Let us consider a liquid drop which is about to be forced out of the hole of radius \( r \) has a hemispherical shape, then \( \frac{2T}{r} \) will be the excess pressure inside the drop, where \( T \) is the surface tension of the liquid.
The pressure of the liquid column is \( h\rho{g} \), where \( h \) is the height of the liquid column, \( \rho \) is the density of the liquid and \( g \) is the acceleration due to gravity. Here \( h>>r \).
So in equilibrium condition,

\( h\rho{g}=\frac{2T}{r} \)

Therefore, \( \displaystyle{h=\frac{2T}{rg\rho}} \)

When the height of the liquid vessel is greater than this height \( h \), then the hydrostatic pressure can not be balanced by the surface tension of the liquid. As a result, the liquid will come out through the hole of the vessel until the height of the liquid in the vessel become equal to that \( h \).

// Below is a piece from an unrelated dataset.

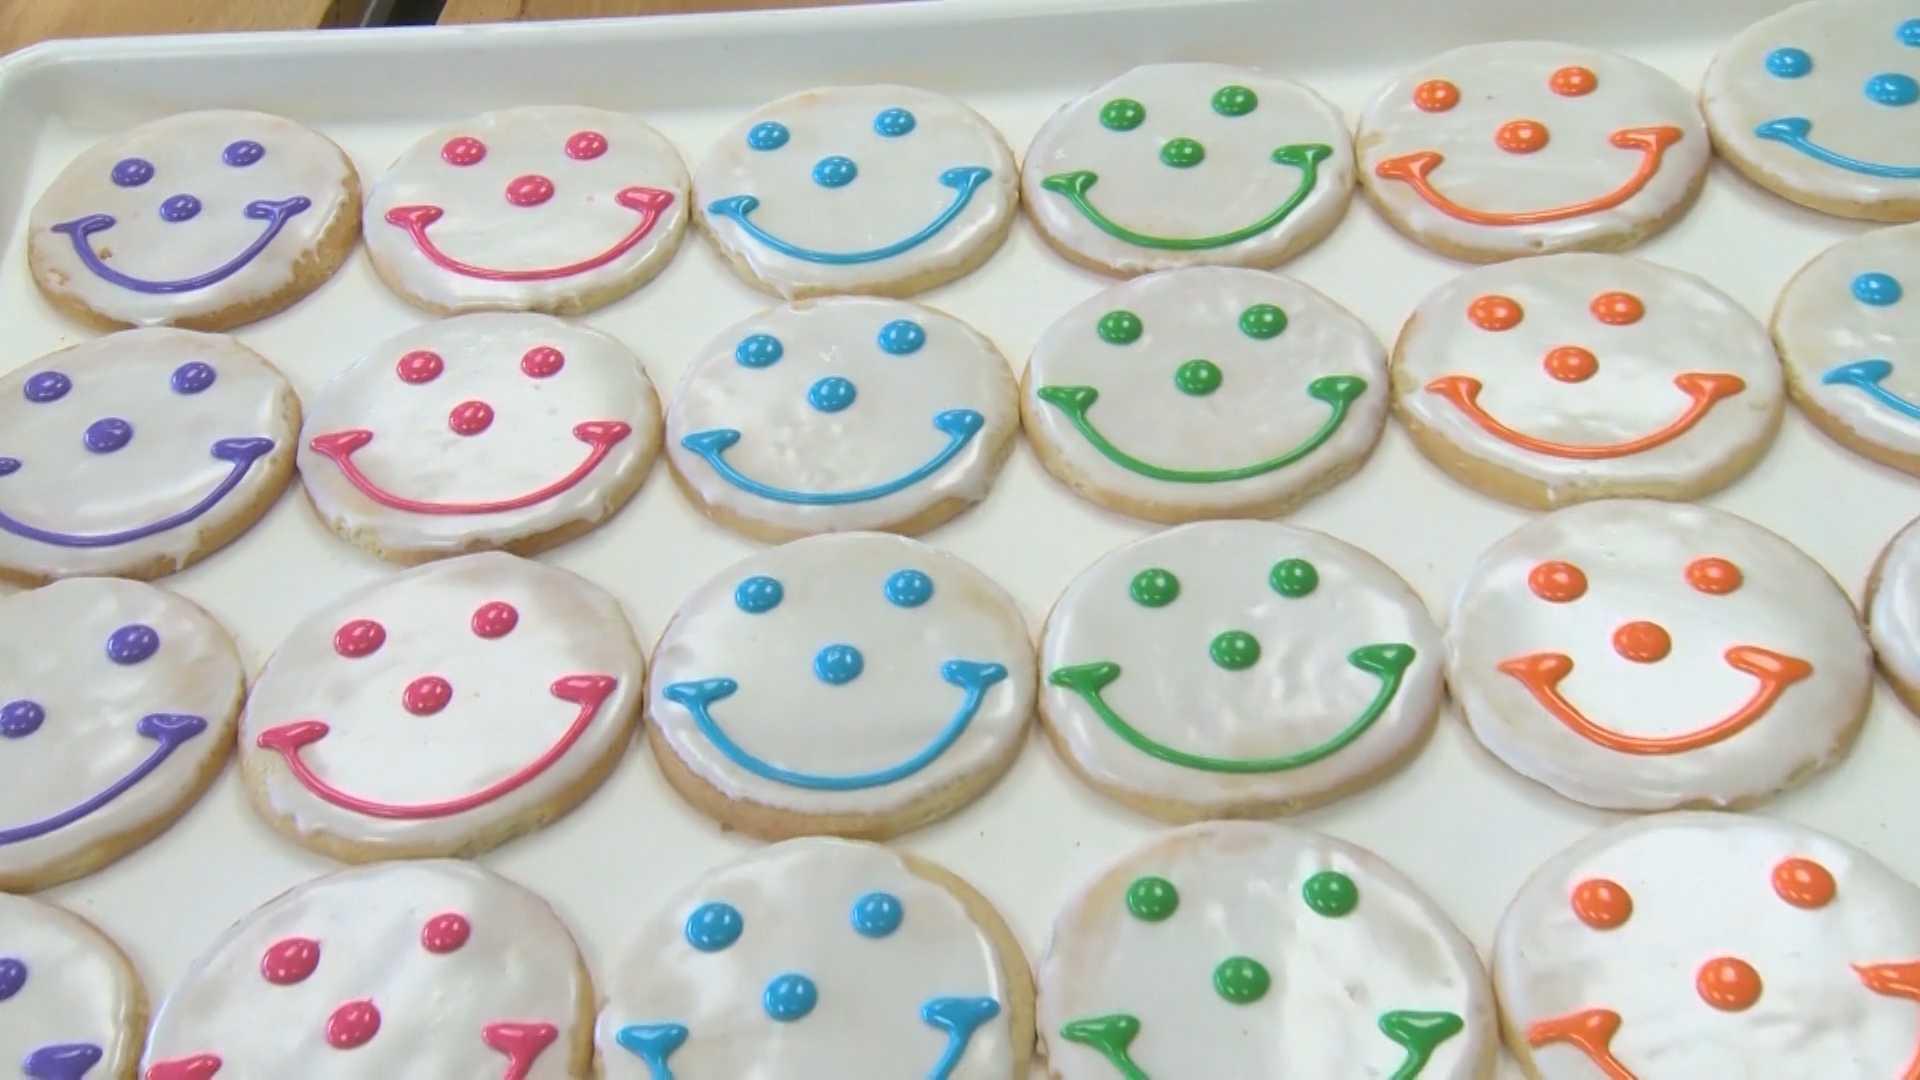 Eat'n Park Smiley cookies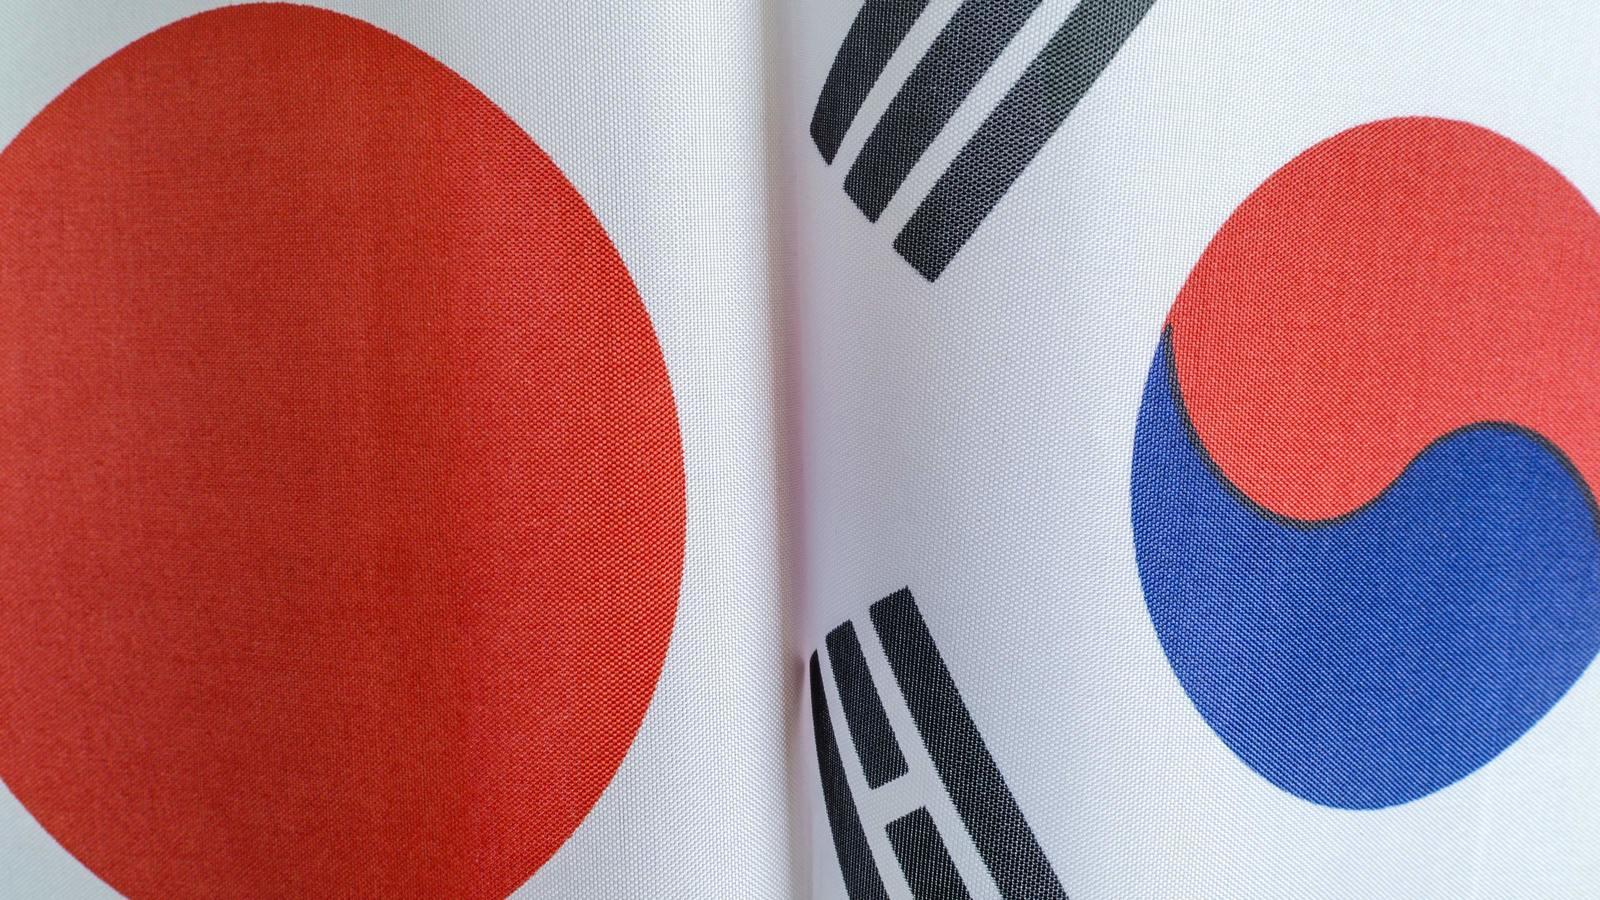 日韓の対立を「やたらと煽るバカ」が増えるワケ 賢い人もバカになる集団心理の怖さ

For the same reason, no liquid could enter the vessel until its bottom is taken inside the liquid of a depth greater than \( h \). The liquid surface which is trying to enter through the hole would be convex upward. The hydrostatic pressure upto the depth \( h \) inside the liquid would be balanced by the excess pressure inside the drop. When the vessel is taken to a depth greater than \( h \) then the liquid will enter through the hole because the excess pressure inside the drop can not be balanced by the hydrostatic pressure.